We are aware that the Rule of Consistency requires us to follow the orders of the coordinate benches of this Tribunal till there is a change in either of the factual situation or the legal position. In the case before us, subsection (2) and (3) of section 14 A a were not available on the statute book when the orders were passed by this Tribunal in the assessee’s own case for the earlier two years. Besides, other relevant decisions rendered by the Tribunal in the cases cited supra were also not brought to the notice of this Tribunal at the time when Department’s appeal for the earlier two years in the assessee’s own case were disposed off.”

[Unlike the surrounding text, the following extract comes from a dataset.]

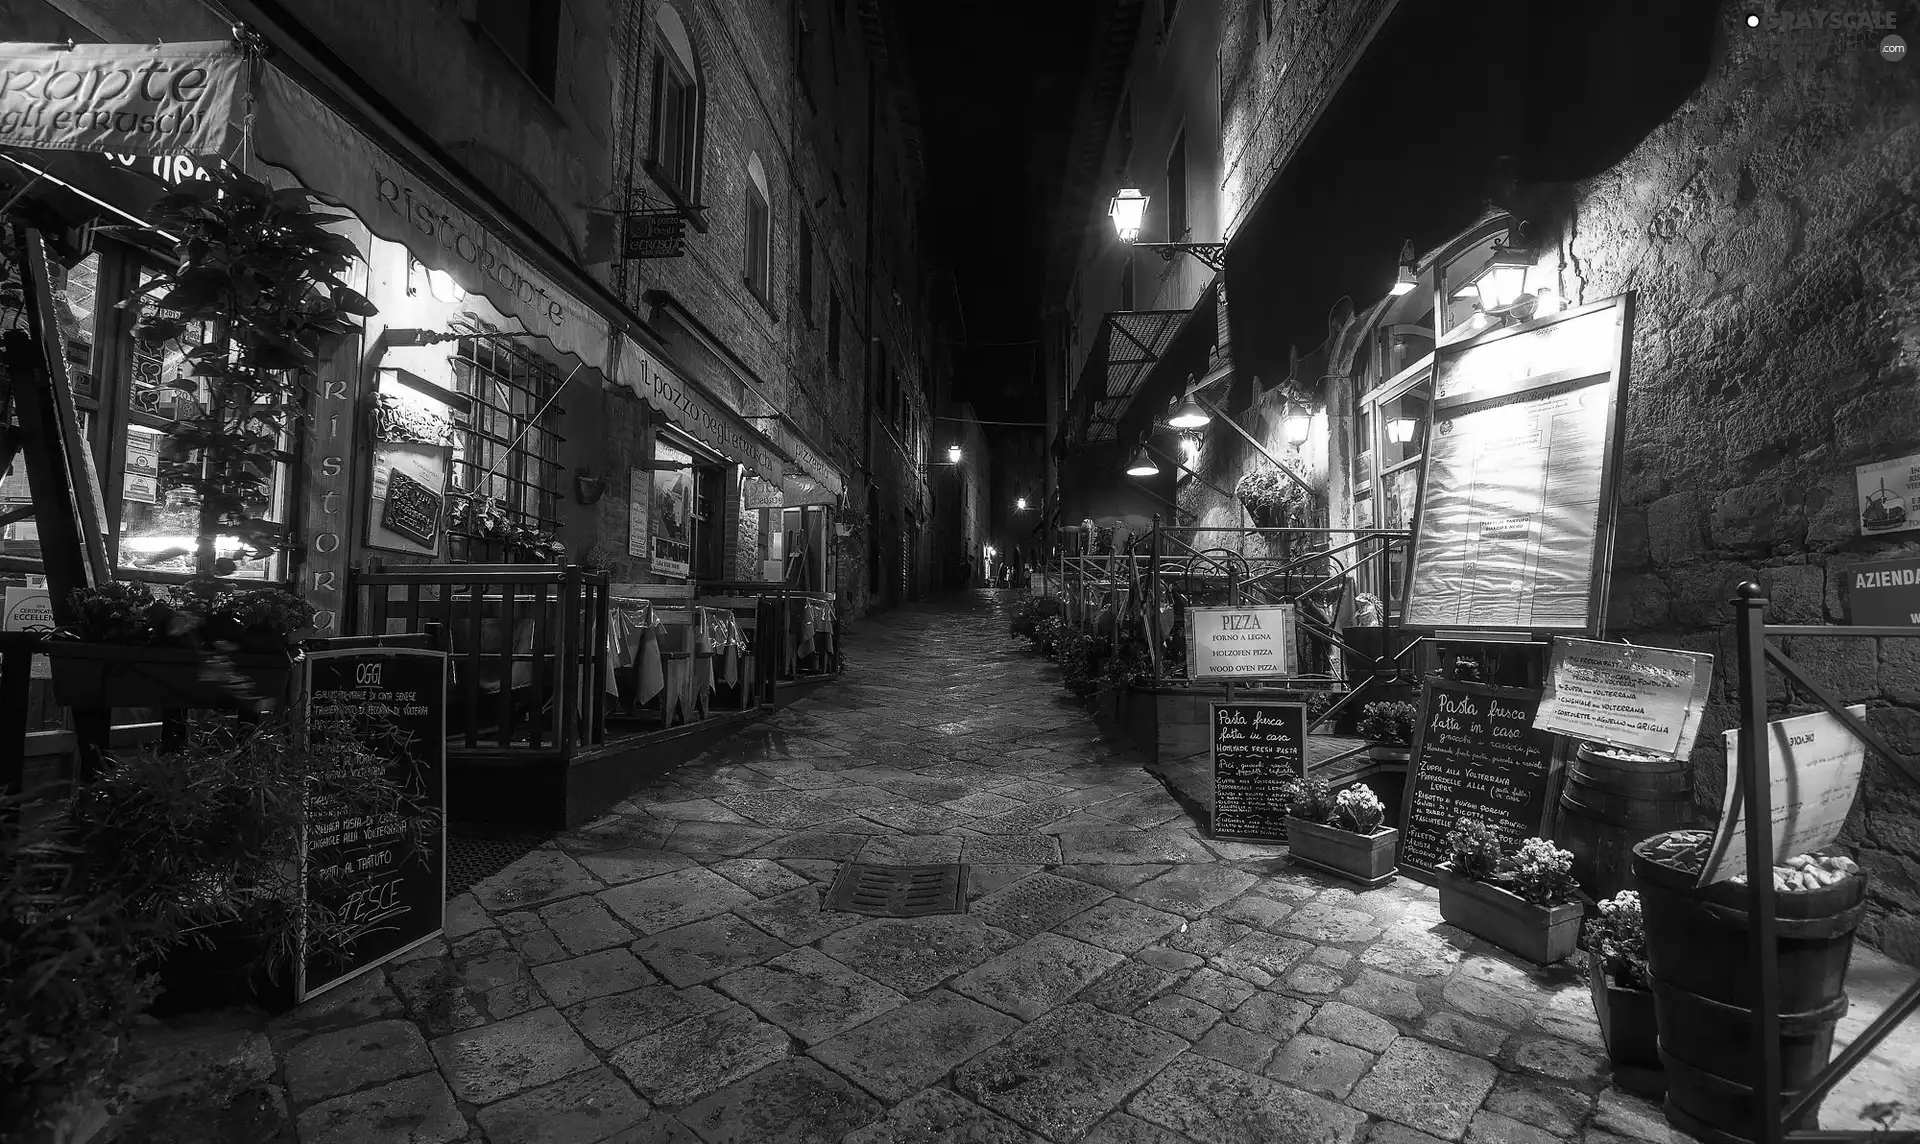 illuminated, Italy, Houses, Restaurants, alley, Tuscany

6.After going through the above order,we are of the opinion that the Tribunal had restored the matter to the file of the AO for a ‘fresh decision’. It was not a case of simple direction to the AO,wherein he has to give appeal effect only.If the Tribunal directs the Revenue Authorities to verify certain facts like arithmetic calculations or to decide a particular ground of appeal that remained to be adjudicated, it can safely be said that the time limit prescribed by the section 153(2A) of the Act would not be applicable.But,in a case like this, where the AO had to not only decide the applicability of certain sections,but also had to decide the nature of the sections,would be covered by the provisions of 153(2A) of the Act. The Tribunal had directed the AO to decide as to whether the sub-sections (2) and (3) of subsection 14A of the Act were retroactive in operation.Thus,it was a case of fresh adjudica - tion.Therefore,in our opinion,the FAA was not justified in holding that the provisions of section 153(3)(iii) were applicable to the case under consideration. Reversing his order, we hold that the order passed by the AO was not valid and was barred by time-limit as prescribed by the provisions of section with 153(2A) of the Act.First ground of appeal, raised by the assessee,is decided in its favour.As we have held that order of the AO was not a valid order, therefore,we are not deciding the merits of the case.
As the order of the AO has been held to be an invalid order,therefore, all the three matters (Appeal by the AO, appeal filed by the assessee with regard to the order passed u/s.154 of the Act and the CO filed by the assessee) become infructuous.